▶ TASK INSTRUCTIONS:
Reproduce the listing in its entirety. Do not reproduce the pictures.

[MATERIAL PROVIDED — start]

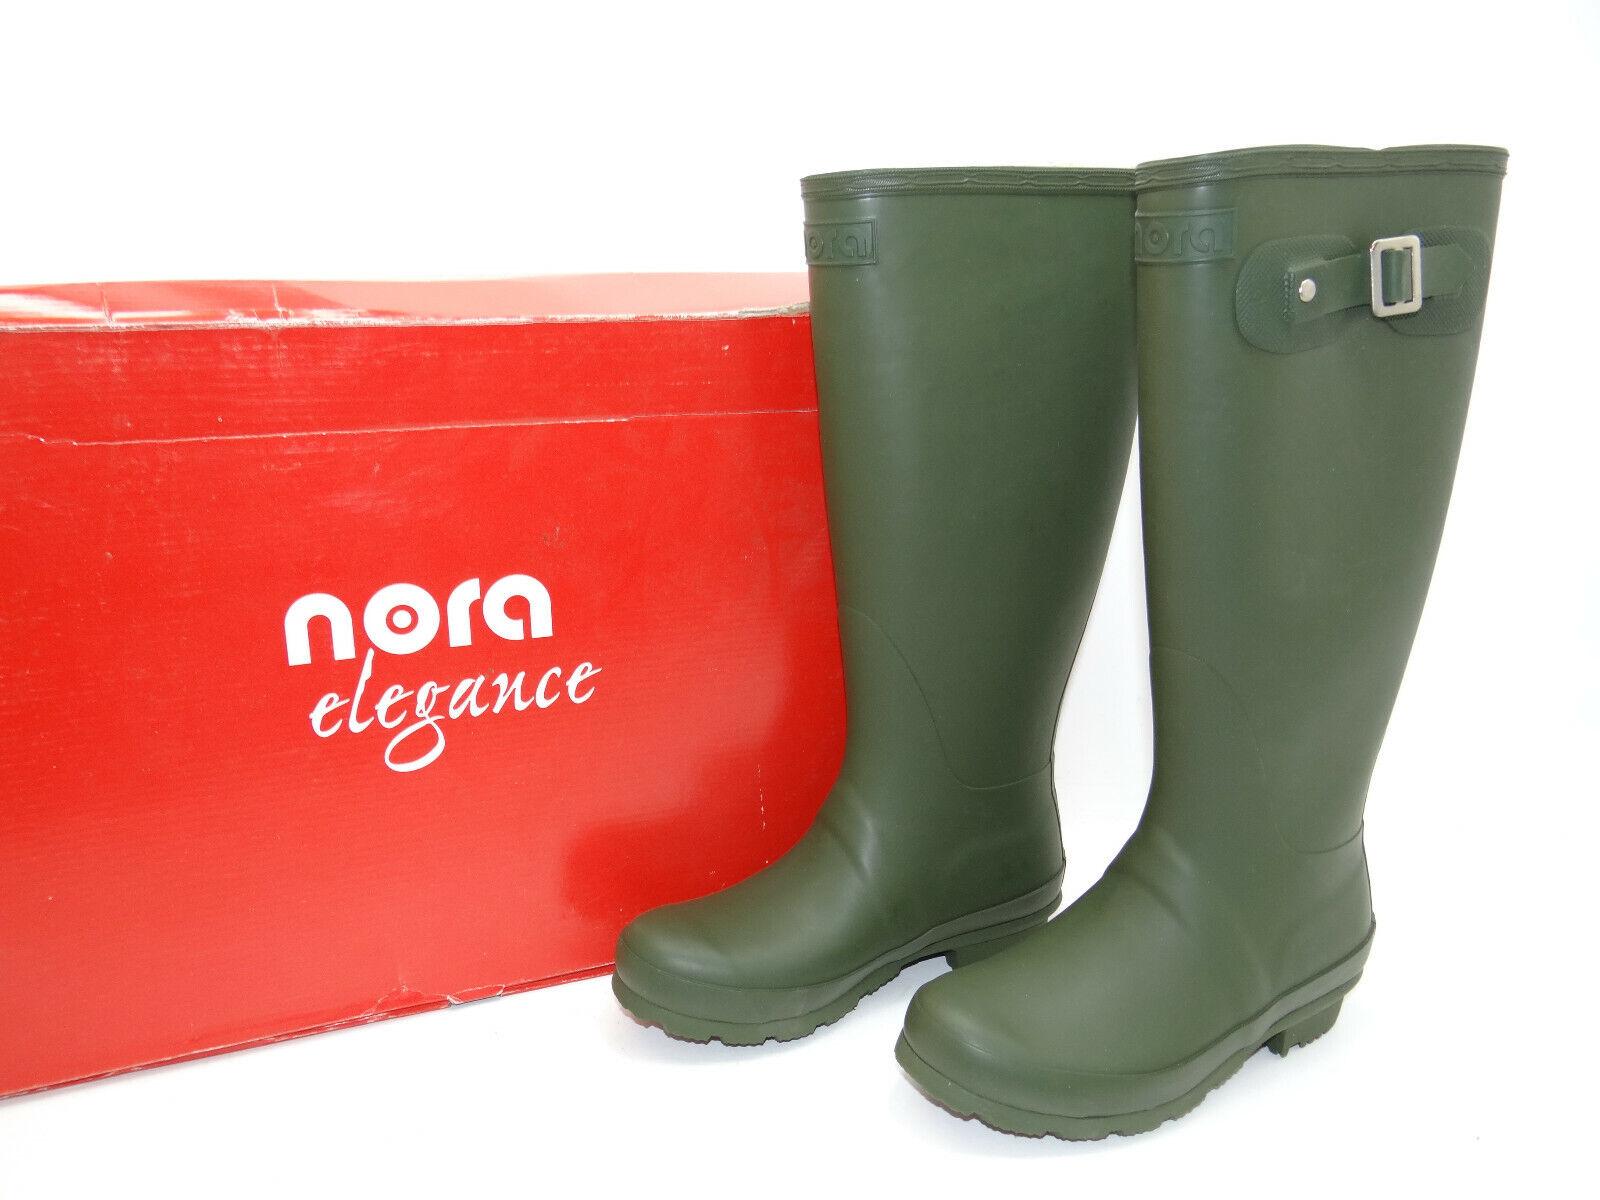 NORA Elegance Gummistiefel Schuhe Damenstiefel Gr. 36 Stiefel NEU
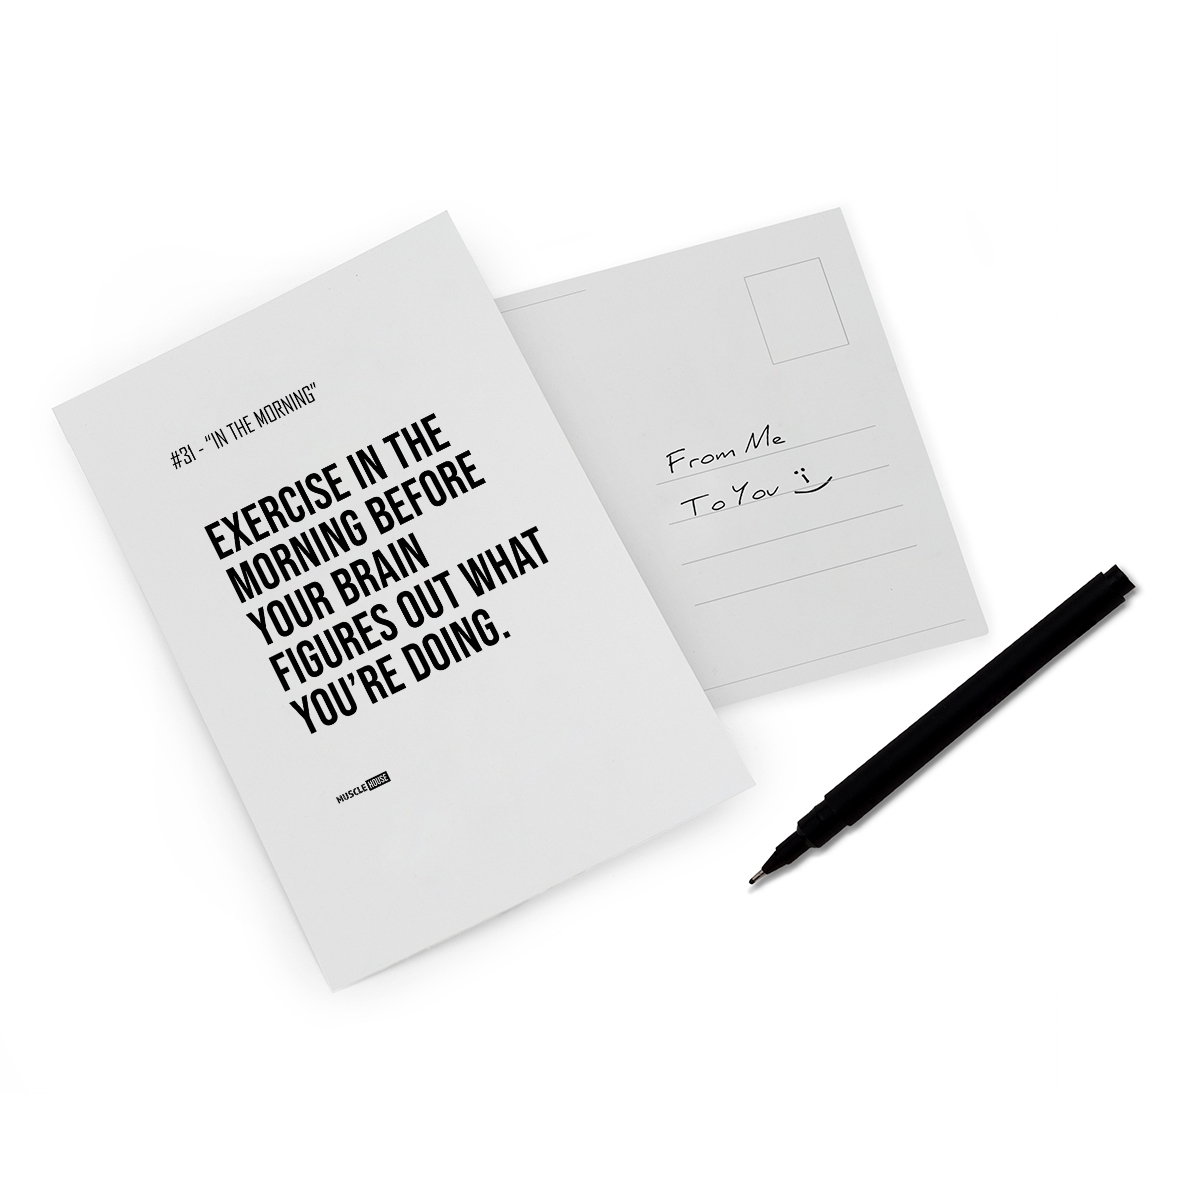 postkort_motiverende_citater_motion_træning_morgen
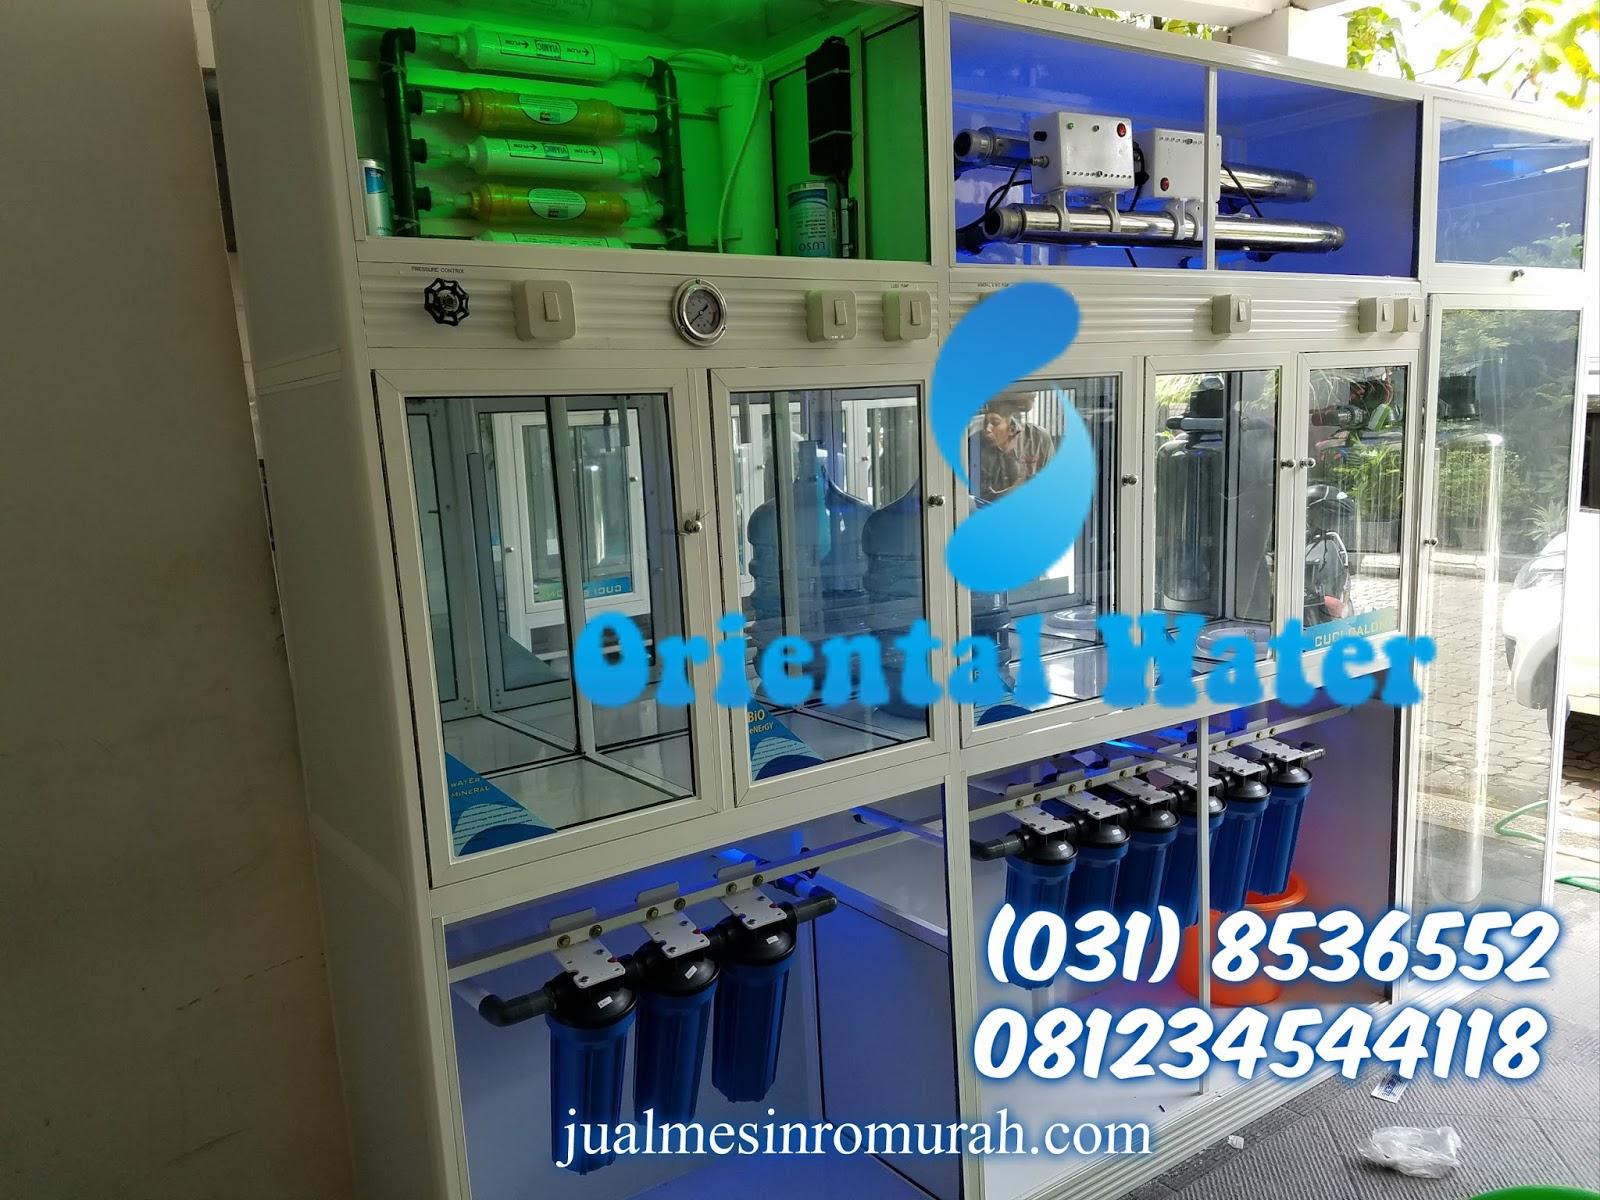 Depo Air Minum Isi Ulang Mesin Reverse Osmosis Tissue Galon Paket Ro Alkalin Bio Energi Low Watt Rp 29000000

[MATERIAL PROVIDED — finish]

▶ WRITTEN ANSWER:
 NORA Elegance Gummistiefel Schuhe Damenstiefel Gr. 36 Stiefel NEU
 postkort_motiverende_citater_motion_træning_morgen
 Depo Air Minum Isi Ulang Mesin Reverse Osmosis Tissue Galon Paket Ro Alkalin Bio Energi Low Watt Rp 29000000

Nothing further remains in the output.